CBG is a lesser-known cannabinoid than the immensely popular CBD. But like CBD, CBG (or cannabigerol) is being studied for a number of potential benefits in the wellness and fitness markets.
There are over 100 cannabinoids in cannabis and hemp. The best known among them is THC, which is the cannabinoid that gets people high when they smoke, vape or eat ‘decarbed’ marijuana. And over the last few years CBD has become equally well known for different reasons. But now the cannabinoid CBG is emerging as a potential rival to CBD. And its’ doing so for many of the same reasons CBD became popular.

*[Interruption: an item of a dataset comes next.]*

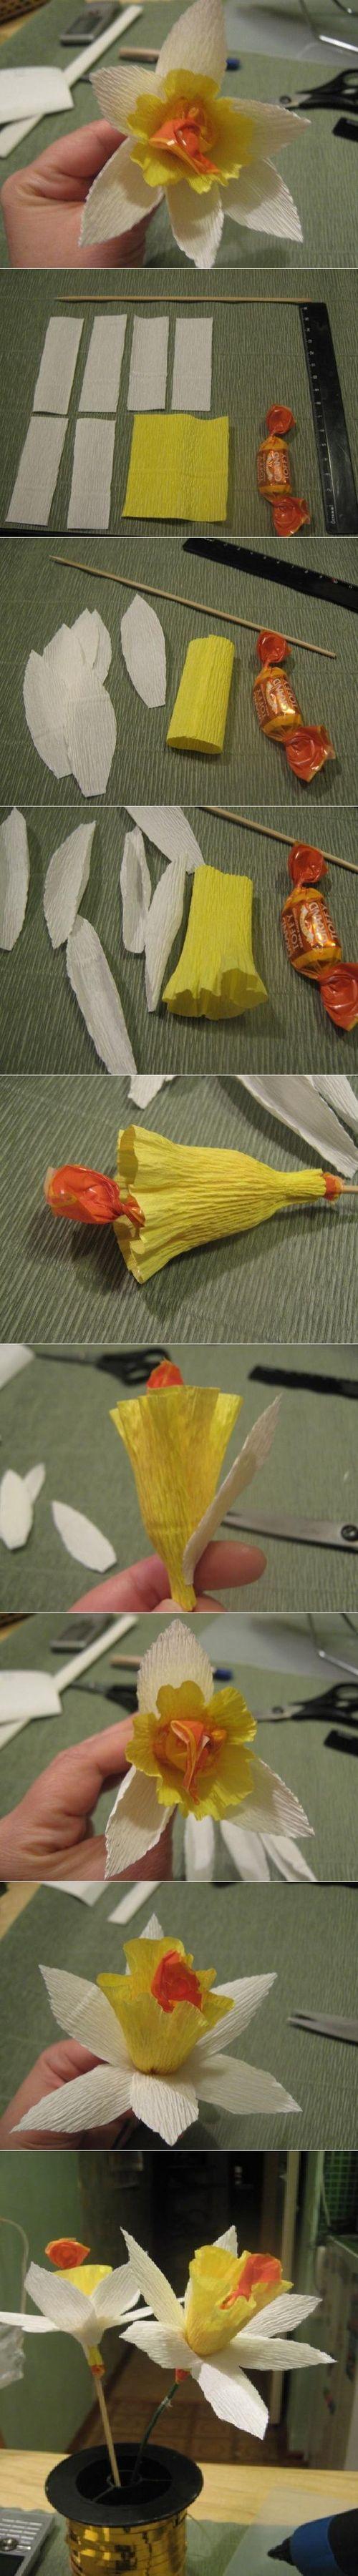 DIY Narcissus Flower Chocolate DIY Projects / UsefulDIY.com
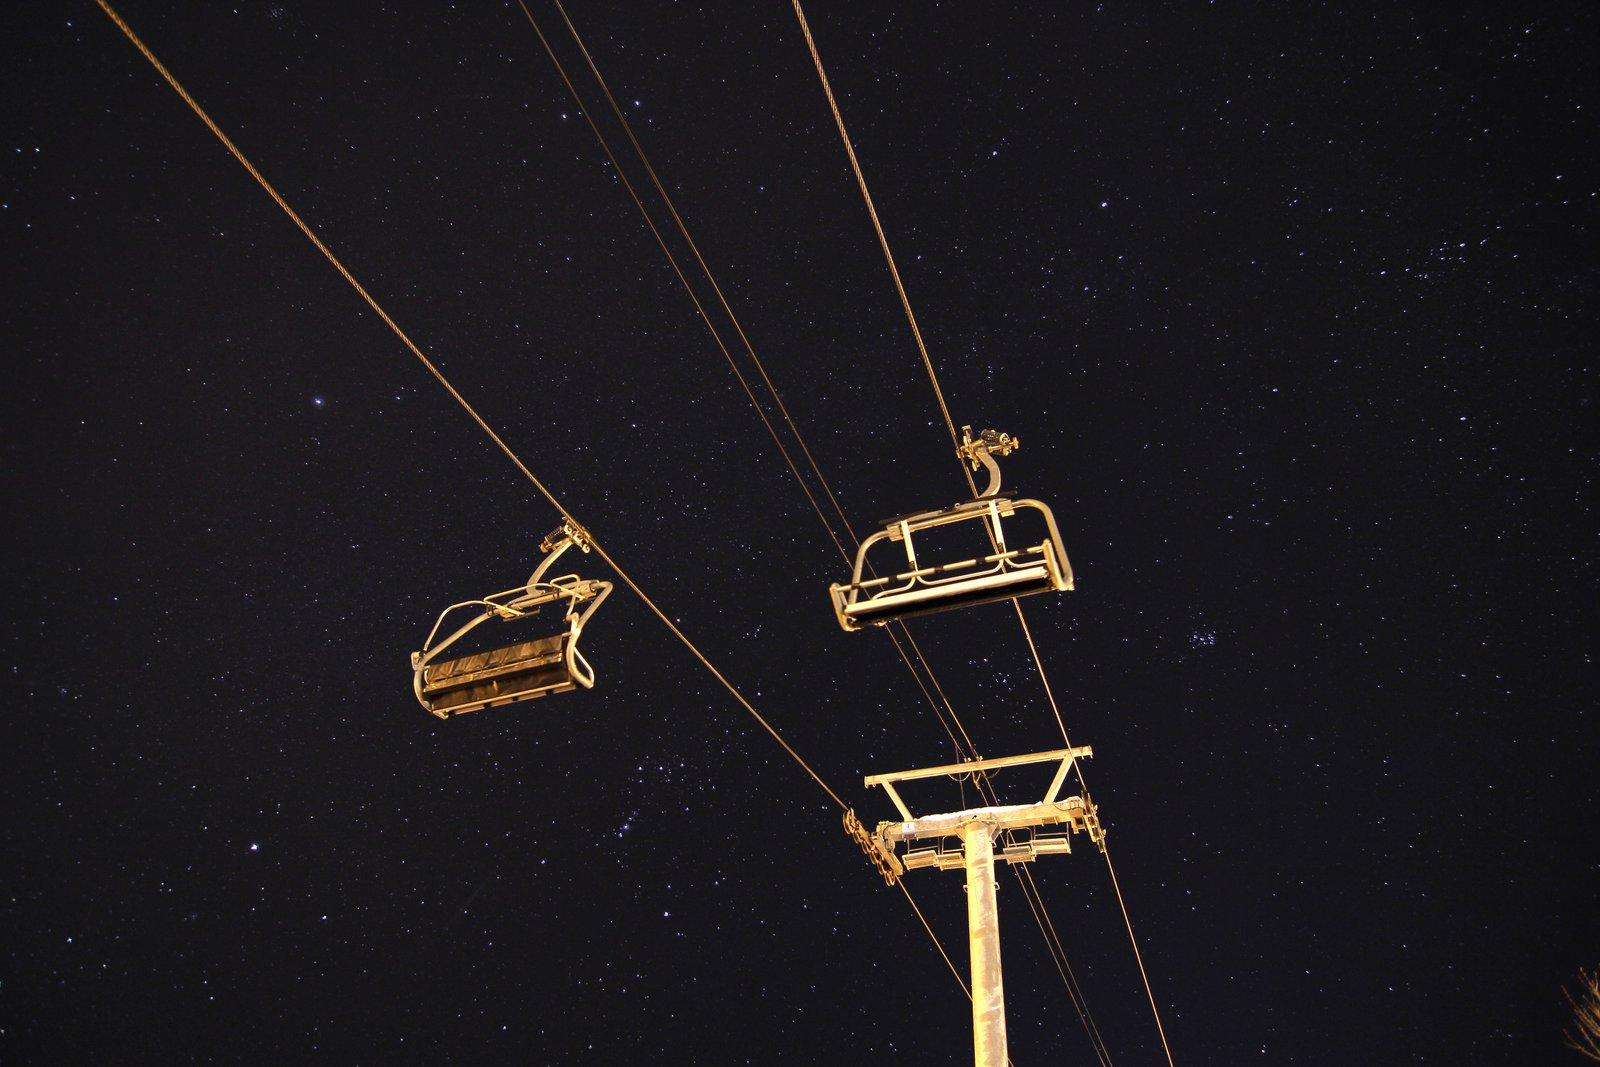 Kimberly Chairlift under stars

Some industry observers, as well as a handful of hemp farmers are setting their sites on CBG as the next possible big thing in cannabis and hemp. In fact, increasing in medical marijuana dispensaries across the United States, patients are seeing indications of not just CBD levels in the various marijuana strains, but also CBG levels. This is even though the understanding of CBG and its possible benefits are in the early stages of research with nothing conclusive known at this point in time. There are even some CBD oil companies beginning to offer CBG oils or combination oils featuring both CBD and CBG as part of their product lineups.
CBG is referred to as a precursor to THC and CBD
Like CBD, CBG will not produce a psychoactive effect when consumed, so nobody will get intoxicated from it. But it is the potential for its possible wellness benefits that is attracting this increased attention, much in the way CBD emerging just a few short years ago.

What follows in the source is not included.